Charlotte, Rose and Dora were all standing around Mr. Piccolo, watching the door anxiously as they came through. They looked a  little disappointed, and Charlotte came over to meet Chris halfway across the gym. “Did you catch him?”

Chris shook his head. “No. Eve says that anyone smart enough to pull this off is smart enough not to show up in the middle of Ravenswood Academy.”

“You think that, too?” Charlotte asked.

Chris shook his head. “Nah. This guy’s plan’s been cooking for, like, an entire Ice Age. He’d show and do the witnesses in a second. If he thought that he could do them. That’s the issue.”

“He knew it was a trap?” Charlotte asked.

“Or figured that it had to be.

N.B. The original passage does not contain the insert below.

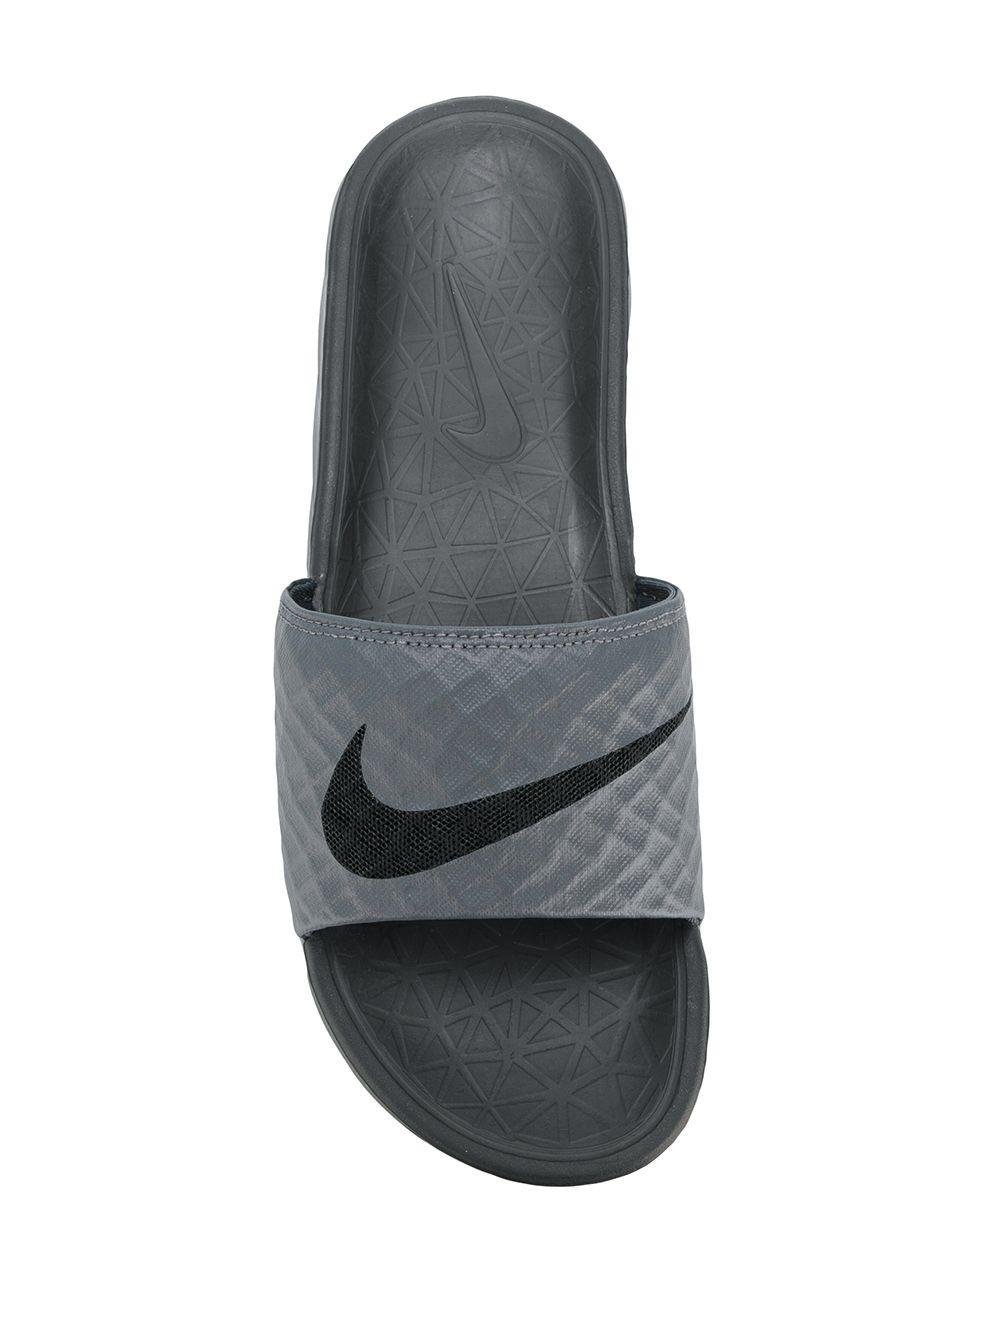 Nike Benassi Slides In Gray For Men Lyst

Or didn’t care, for some reason,” Chris said, ticking off the options on his fingers. “We just don’t know enough.”

“Oh, I doubt that,” Rose said, speaking from beside Charlotte. “We’ve got my 23rd Century database. Everything but cultures of the Apocalypse Plague virus in the first patients. And now we don’t need those, because we know why it spread the way it did. We have what we need. I’m sure of it.”

“Okay, okay, big fizzle, everyone’s sad,” May Wong said, coming up behind them. “Now let’s everyone get the hell changed so we can go home!” The Tatammy Black and Whites were not exactly proper New Years clothes. Chris followed the crowd into the change room. He had a bright red shirt and white pants that his sister had picked out for him. Very patriotic.

And then it was time to hold hands and teleport back through to Philadelphia, the whole gang of them, with Mr. Piccolo somehow dumping the entire guest list on the front lawn of the Yurt. Red paper lanterns were strung on a strand above the walk, and the Fu Dao was painted on the door in a black wash.

Principal Guzman, who evidently counted as senior member of the family by virtue of his daughter being engaged to Henry, led them up onto the porch and, when they were all gathered around, flung open the door with a loud announcement of “Gung Hey Fat Choy!” Letting the delicious smells of cooking roll out into the cold Philadelphia night
Chris joined the greeting, feeling only slightly embarrassed. He was home, and, for this one night, it didn’t matter who was behind the curtain.